Look at a map plotting the locations of the 45,000 students who enrolled in music professor Steve Everett’s digital sound design course last spring and one thing becomes clear: the class reached every corner of the globe.

The course was Emory’s first foray into the world of massive open online courses (MOOCs), and Everett says more than half the students lived outside the United States.

“I don’t like to focus on numbers so much when we talk about MOOCs, but the numbers are pretty amazing,” says lead MOOC producer Lee Clontz. “In the first nine or 10 weeks of teaching classes, we had about 1.5 million video views, which is staggering.”

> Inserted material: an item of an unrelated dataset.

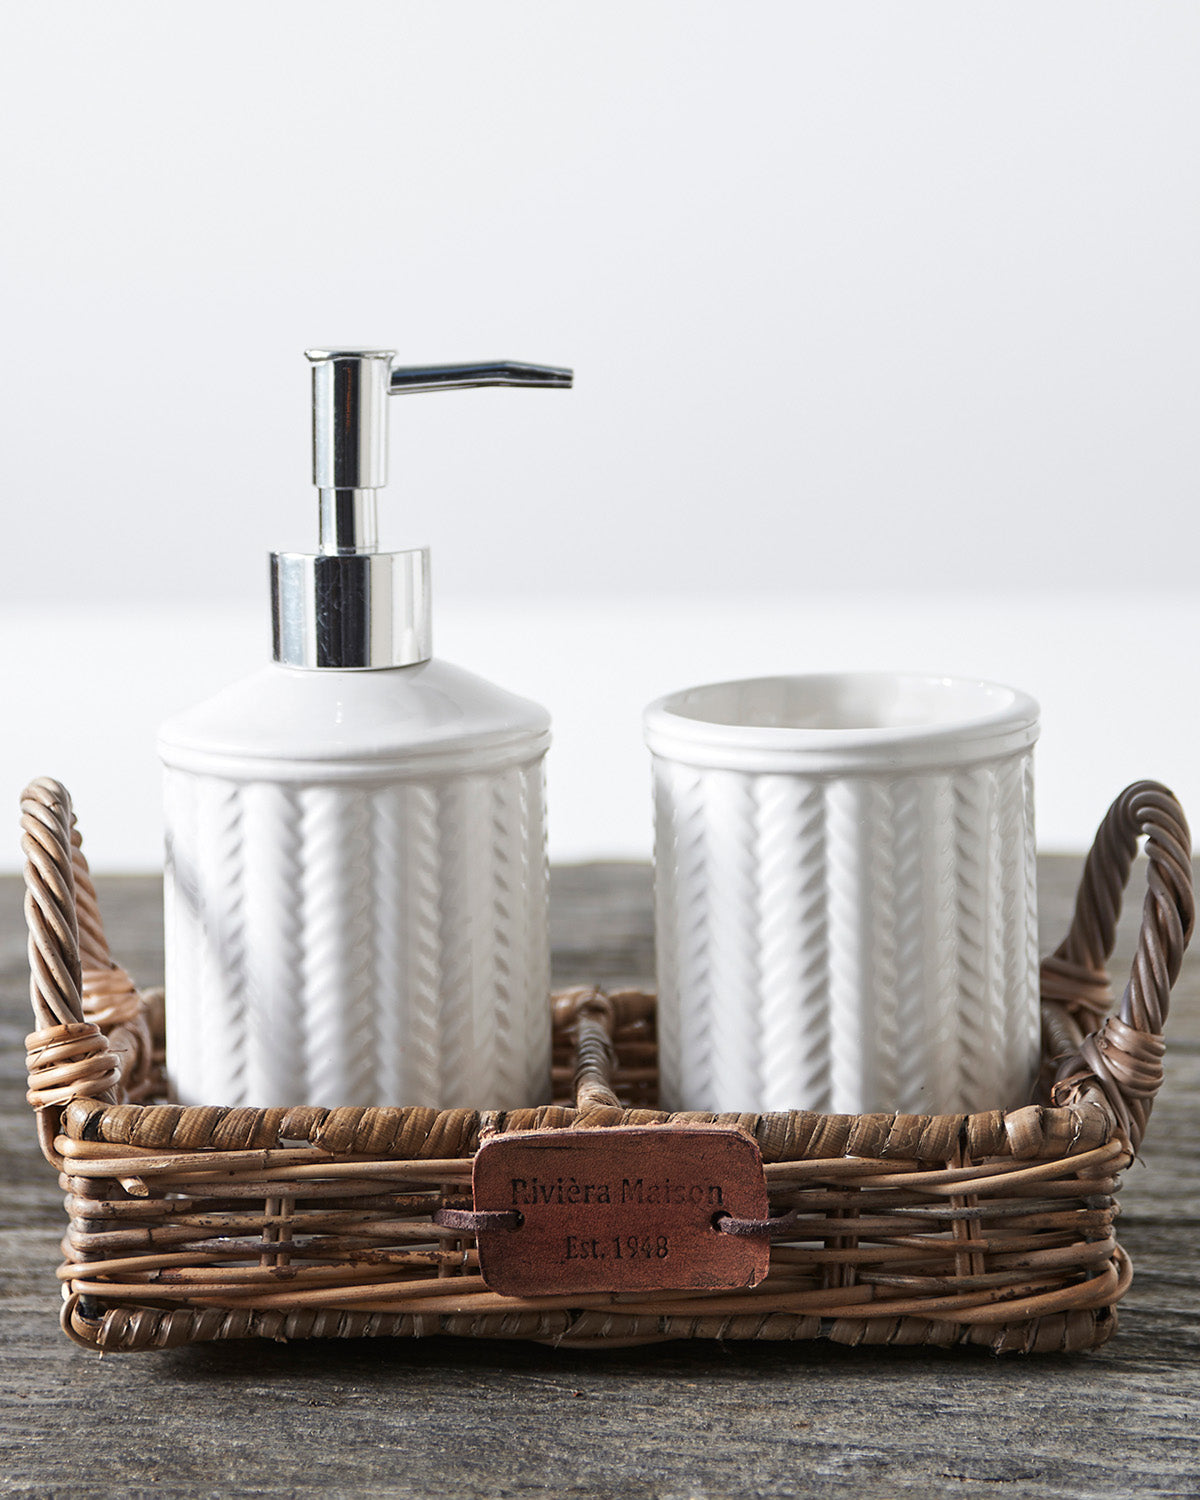 SOAP TRAY made of rustic rattan decorated with a soap dispenser and a mug by Riviera Maison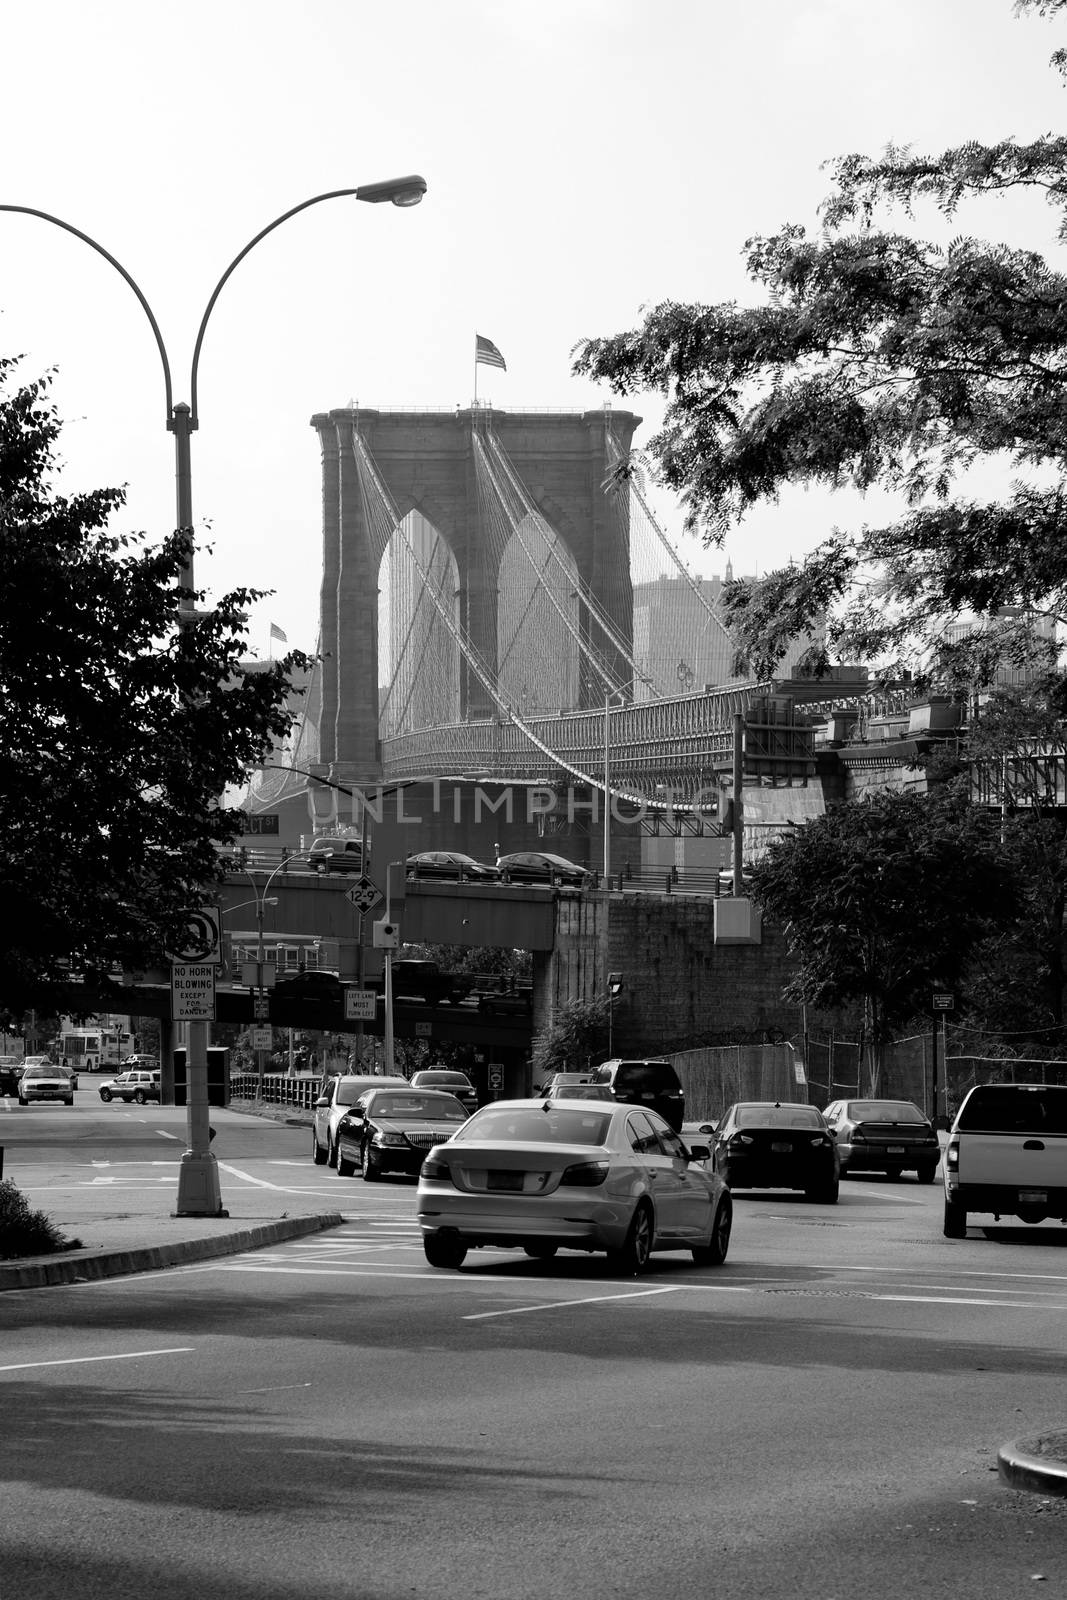 Brooklyn Bridge as seen from a rare street view in New York City.

Last fall, Emory was one of a small number of elite institutions to join Coursera, an educational technology company that provides an online platform for universities to offer free classes to anyone with an internet connection. Founded only a year and a half ago, the company now boasts 83 partner universities and facilitates courses in seven languages. At last count, there were 4.7 million Coursera students.

“This is incredibly powerful,” says Lynn Zimmerman, senior vice provost for undergraduate and continuing education. “I cannot think of anything else that we do that would have the kind of reach that any one of these courses has globally.”

When Emory was in a time crunch to identify its first three Coursera courses, Everett—then the director of the Center for Faculty Development and Excellence (CFDE)—reached out to Kimbi Hagen, assistant professor at Rollins School of Public Health. She had collaborated on the CFDE’s University Course on HIV/AIDS and would design a similar course for Coursera, organizing a guest-lecture lineup that draws on Emory’s extensive expertise in the area, as well as its connections with the Centers for Disease Control and Prevention.

Law professor Polly Price taught Citizenship and US Immigration, Emory’s first course on Coursera’s optional “Signature Track,” which charges a small fee to students in exchange for a verified certificate of completion—representing, perhaps, a glimpse of what’s to come.